Best Value Recommendations by Use Case

High-Volume Text Classification or Extraction

Use Gemini 2.5 Flash-Lite ($0.10 / $0.40) or Mistral Small 3.1 ($0.10 / $0.30). At batch scale, apply Google’s 50% discount to bring Flash-Lite to effectively $0.05 input / $0.20 output — well under $1 per 10M output tokens. For workloads where latency is not a factor, DeepInfra’s Llama 3.2 3B at $0.02 / $0.02 is the lowest available price across all hosted options.

Reasoning and Code Generation (Budget)

o4-mini ($1.10 / $4.40) is the clearest choice.

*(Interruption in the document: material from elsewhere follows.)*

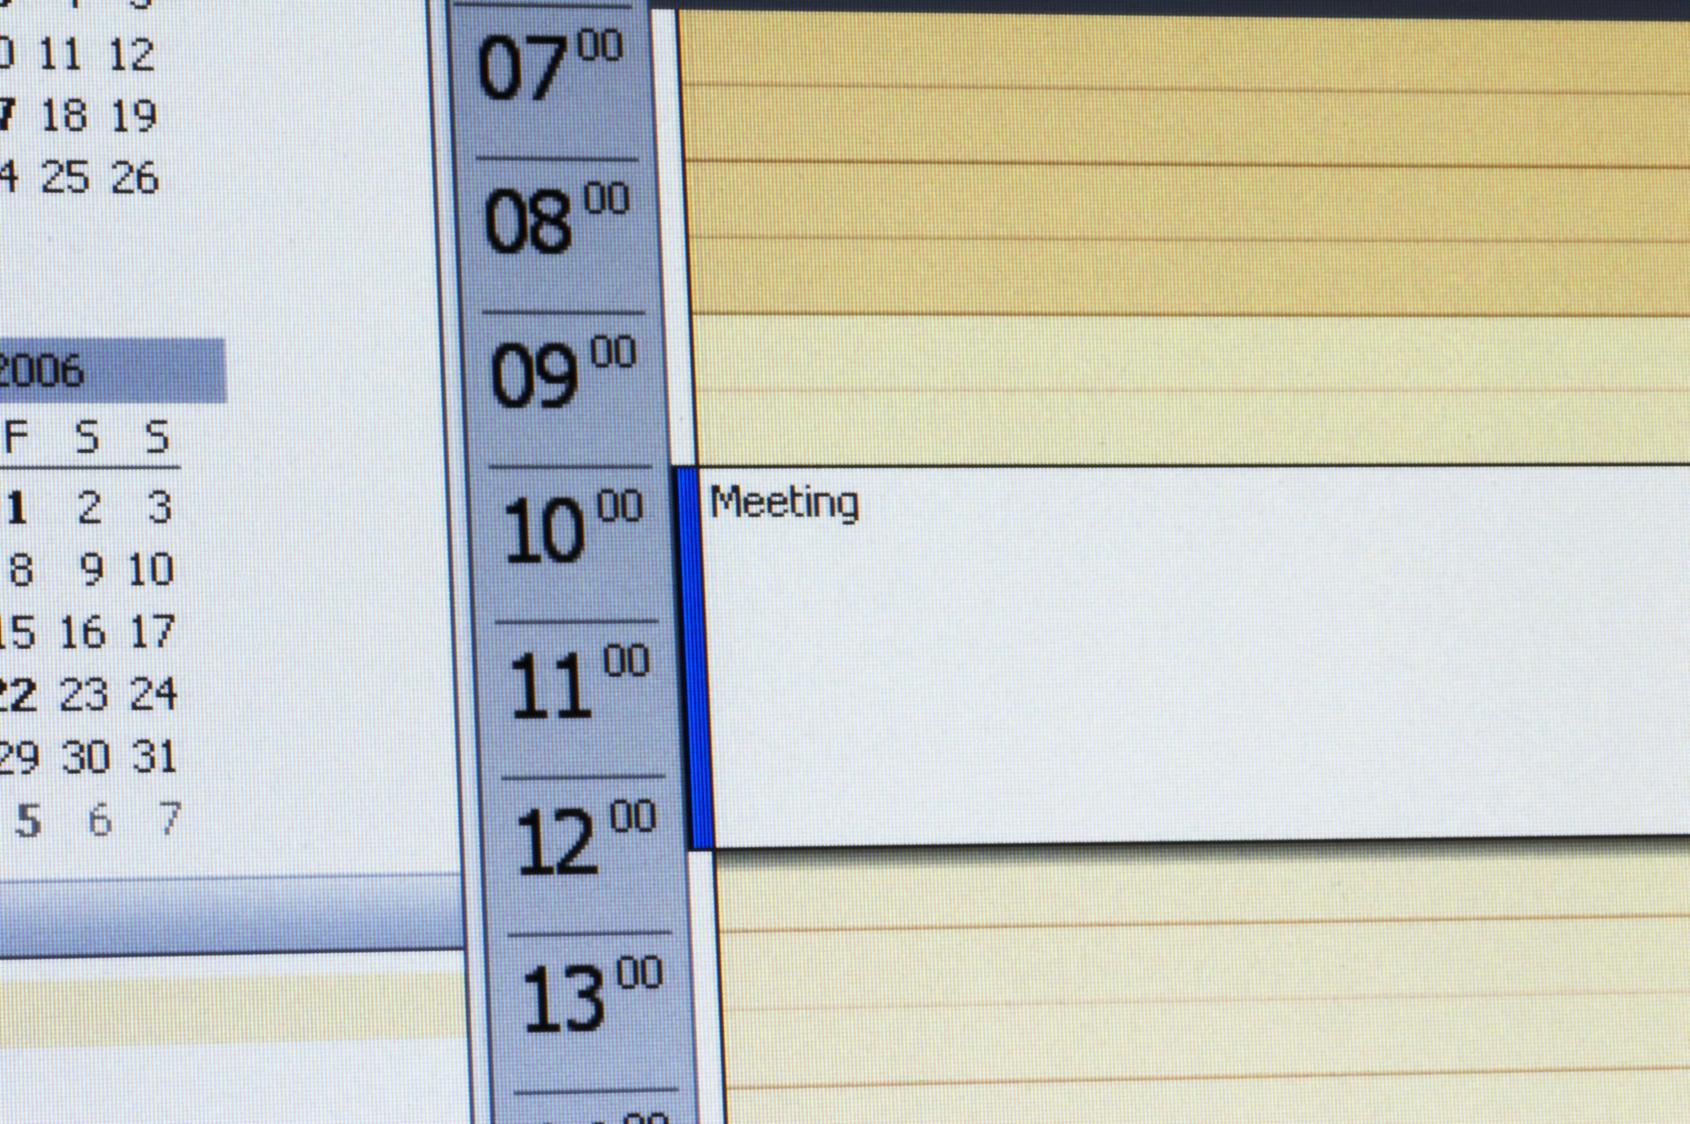 Elektronischer Gruppenkalender Ohne Mitbestimmung Des Betriebsrates

It costs roughly half of o3 for input and significantly less than GPT-5 or Claude Sonnet, while retaining strong structured reasoning capabilities. Apply OpenAI’s 50% batch discount for async jobs to reach $0.55 / $2.20 effective rates.

Long-Context Document Analysis

Grok 4 (2M context, $3.00 / $15.00) is the only flagship model with a 2M token window. For 1M context needs, Claude Opus 4.6, Claude Sonnet 4.6, Gemini 2.5 Pro, and Gemini 2.5 Flash all support 1M context. Gemini 2.5 Flash at $0.30 / $2.50 is the most cost-effective 1M context option by a wide margin.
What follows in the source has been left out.